Start the flash remove service to erase the ESnet SmartNIC image from the “user” partition of the FPGA card flash. This takes less than 1 minute. This process should not be interrupted.

docker compose --profile smartnic-flash run --rm smartnic-flash-remove

Bring down the running stack after flash reset is completed.

docker compose down -v --remove-orphans

Note: If you want to flash the golden (recovery) image and it is not working, you can use vivado_lab with the following commands:

vivado_lab \
    -nolog \
    -nojournal \
    -tempDir /tmp/ \
    -mode batch \
    -notrace \
    -quiet \
    -source /scripts/program_flash.tcl \
    -tclargs "$HW_SERVER_URL" "$HW_TARGET_SERIAL" "/scripts/revert_to_golden.mcs"
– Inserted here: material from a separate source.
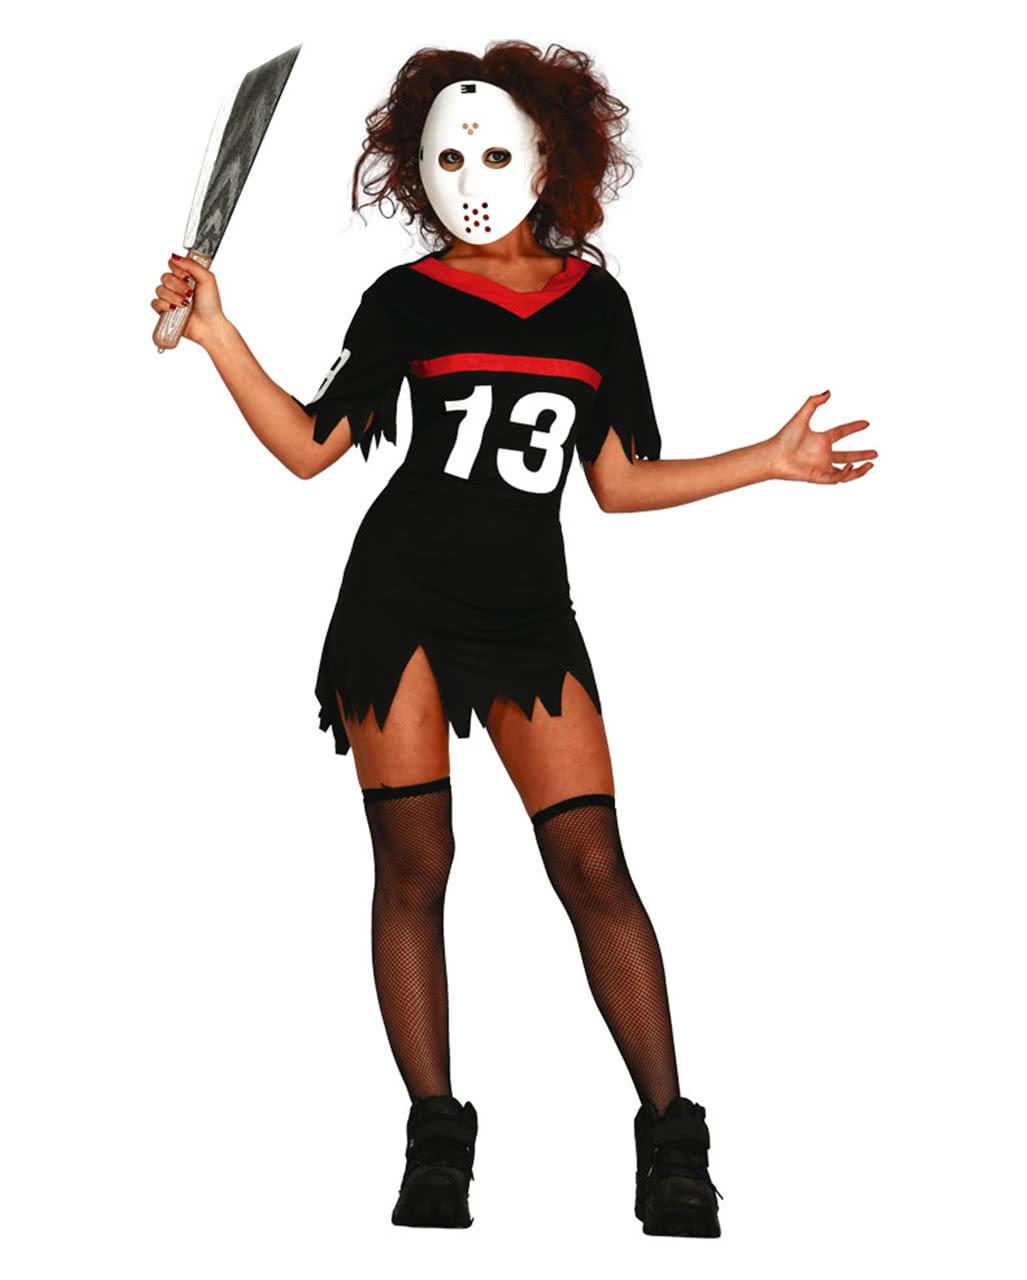 eishockey damenkost m mit maske horror kost me f r halloween horror. Black Bedroom Furniture Sets. Home Design Ideas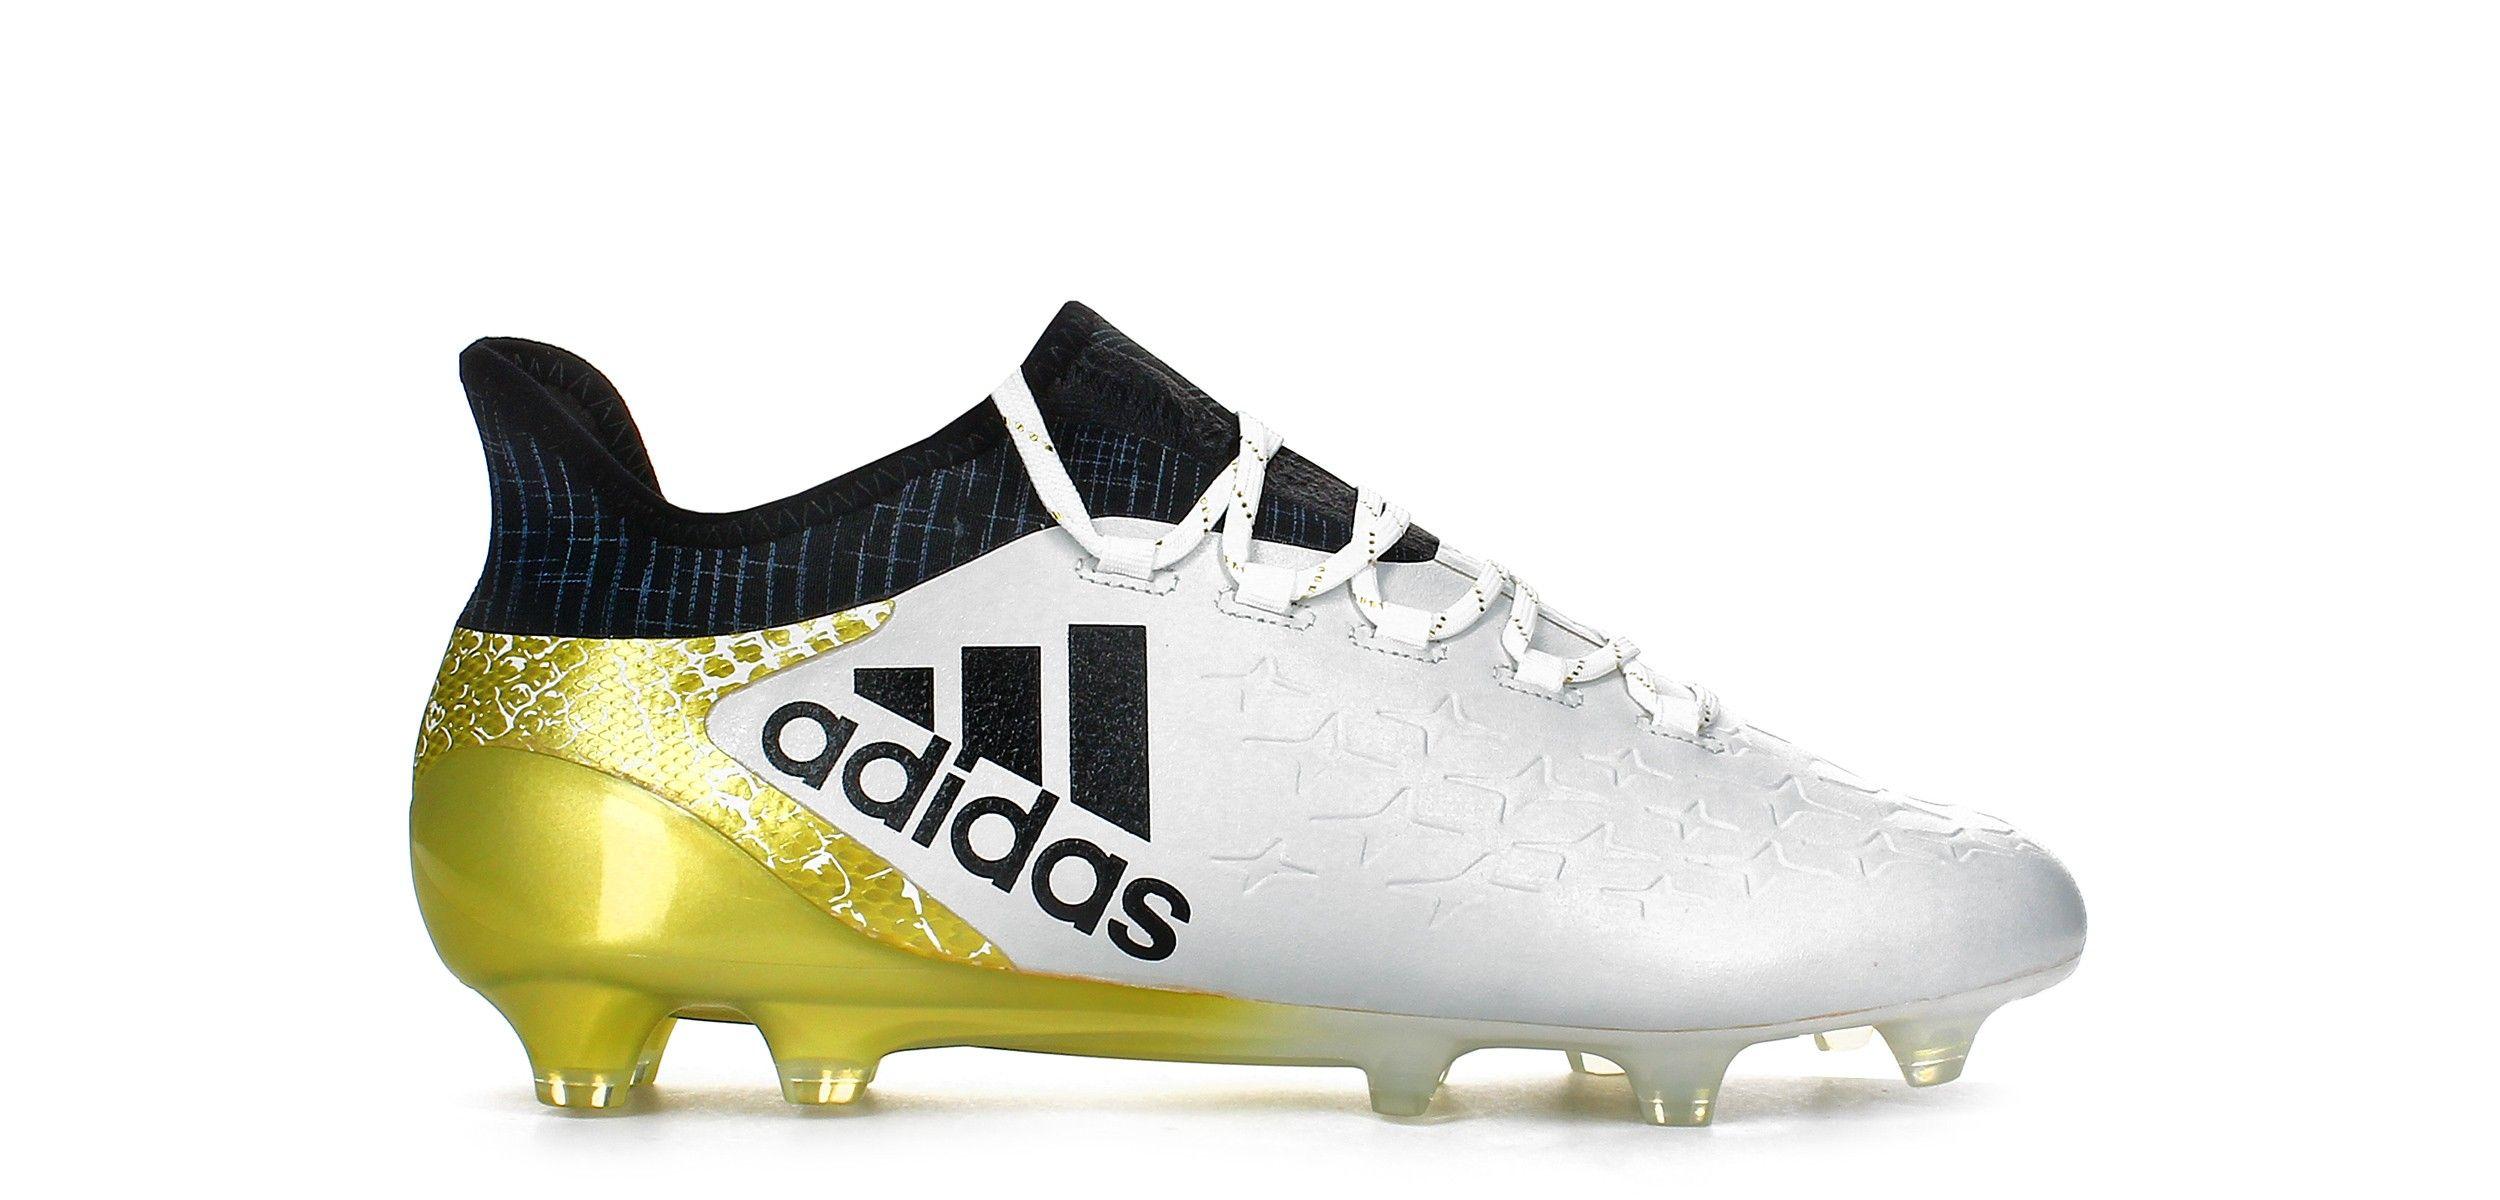 new style d2a39 a802c Botas de fútbol adidas X 16.1 FG - Blanco   Negro   Dorado - Exterior pie  derecho

If you don’t know how to set it up, you can go to sn-stack/smartnic-hw/scripts and put the “revert to golden” image there. For more information on how to get the golden image, you can refer to this link. After placing the image there, you can modify the program_flash.sh script and change:

vivado_lab \
    -nolog \
    -nojournal \
    -tempDir /tmp/ \
    -mode batch \
    -notrace \
    -quiet \
    -source /scripts/program_flash.tcl \
    -tclargs "$HW_SERVER_URL" "$HW_TARGET_SERIAL" "$MCSFILE_PATH

To:

vivado_lab \
    -nolog \
    -nojournal \
    -tempDir /tmp/ \
    -mode batch \
    -notrace \
    -quiet \
    -source /scripts/program_flash.tcl \
    -tclargs "$HW_SERVER_URL" "$HW_TARGET_SERIAL" "/scripts/revert_to_golden.mcs"

After a cold reboot, you will see the cards are back to the golden image.

Important notice: The golden image will not make the cards appear in XRT, as XRT needs an “XRT-friendly” shell. However, it’ll make xbmgmt see the card, and from there, you can flash a new platform that works with XRT. For more info on the golden image, you can refer to this documentation.